She went back to her letter and I tried to find something decent on TV. I cracked a can of Bud and a packet of dry roasted peanuts and settled for ‘Miami Vice’.
‘Wanna go out?’ she asked when she’d sealed the letter and found a stamp in her handbag.
‘If you like,’ I replied. ‘Fancy anything special?’
‘No, but there must be some action about.’
‘There’s plenty of action right here.’
‘What – on the boob tube? Give me a break.’
‘I could switch the TV off.’
‘And miss the end?’
‘I’ll tape the end.’
‘I thought you hated this popcorn.’
‘Well, I like to keep up with developments in criminal detection,’ 1 said.

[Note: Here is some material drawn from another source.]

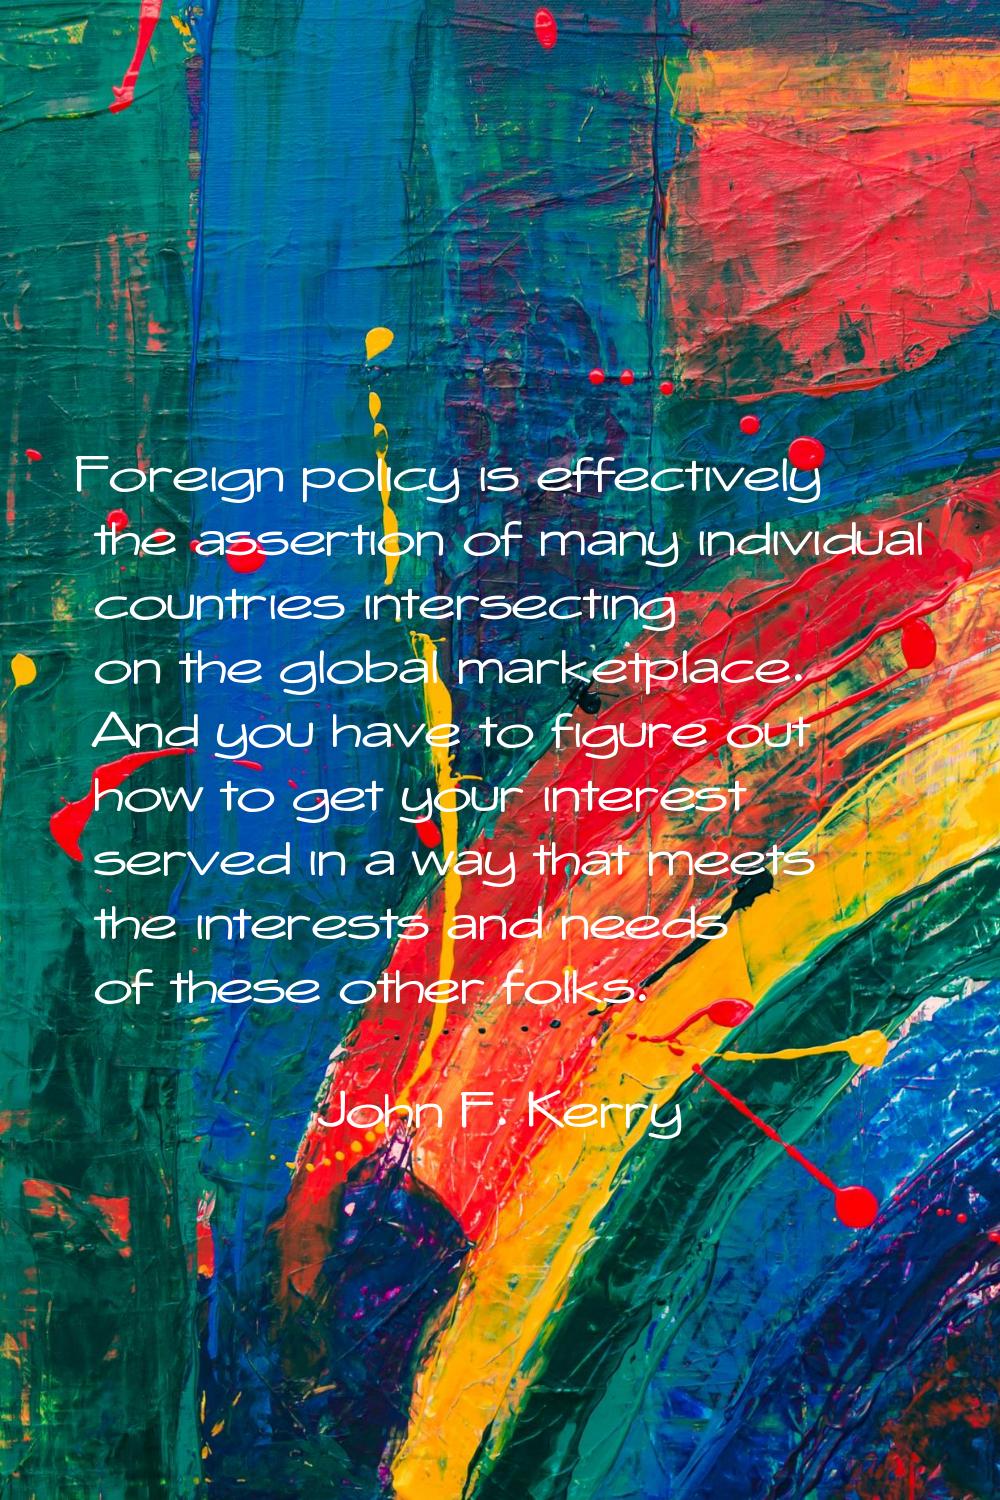 Foreign policy is effectively the assertion of many individual countries intersecting on the global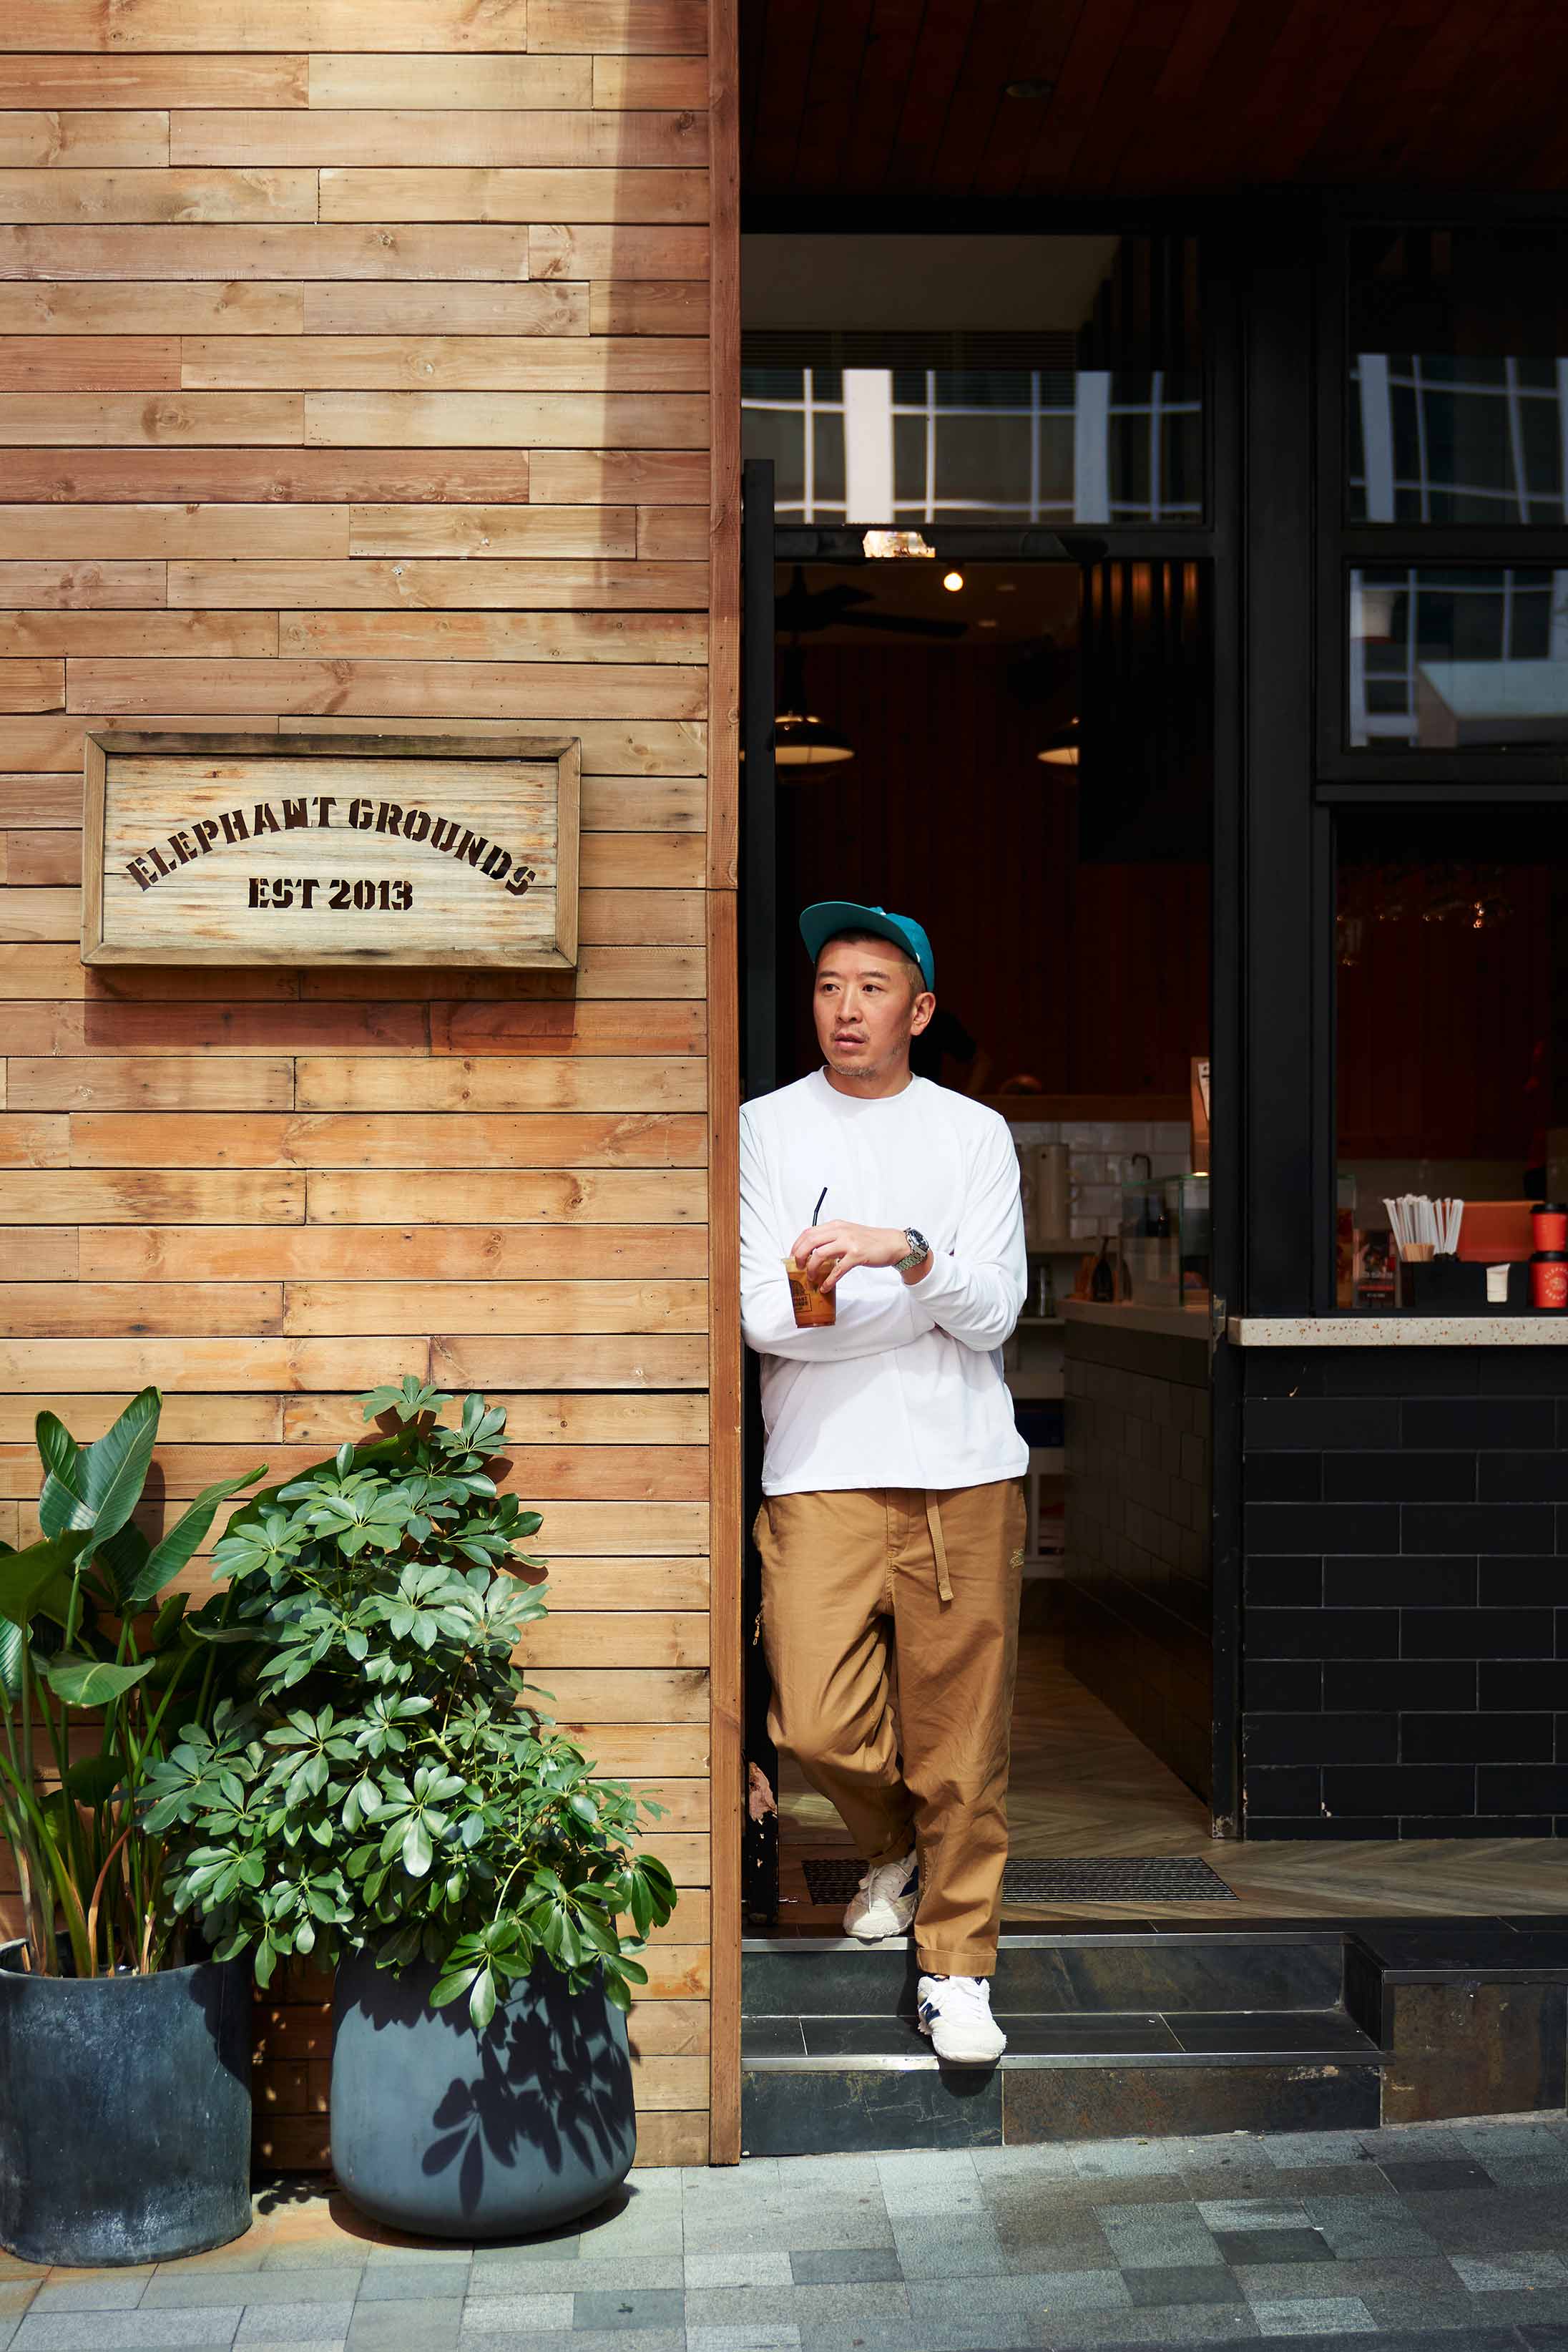 Restaurant entrepreneur Gerald Li is one of the founders of Elephant Grounds through his brand Leading Nation

‘And pink trousers?’ she asked slyly, referring to Don Johnson’s recherché choice of strides.
‘Don’t knock pink trousers,’ I said. ‘They help catch crooks, down Miami way.’
‘Sure. The last time I was in Miami, the only guy I met wearing pink trousers was a doorman at a gay club and the only cop I met was on the pad.’
‘Reality, Jo,’ I said. ‘Too much reality.’
By this time she was on the sofa next to me, pinching my peanuts and taking little sips from my beer can. She pulled her skirt up over her knees and flashed about six inches of bare thigh at me. She had better legs than Don Johnson and that’s a fact. I could tell she was engrossed in the show.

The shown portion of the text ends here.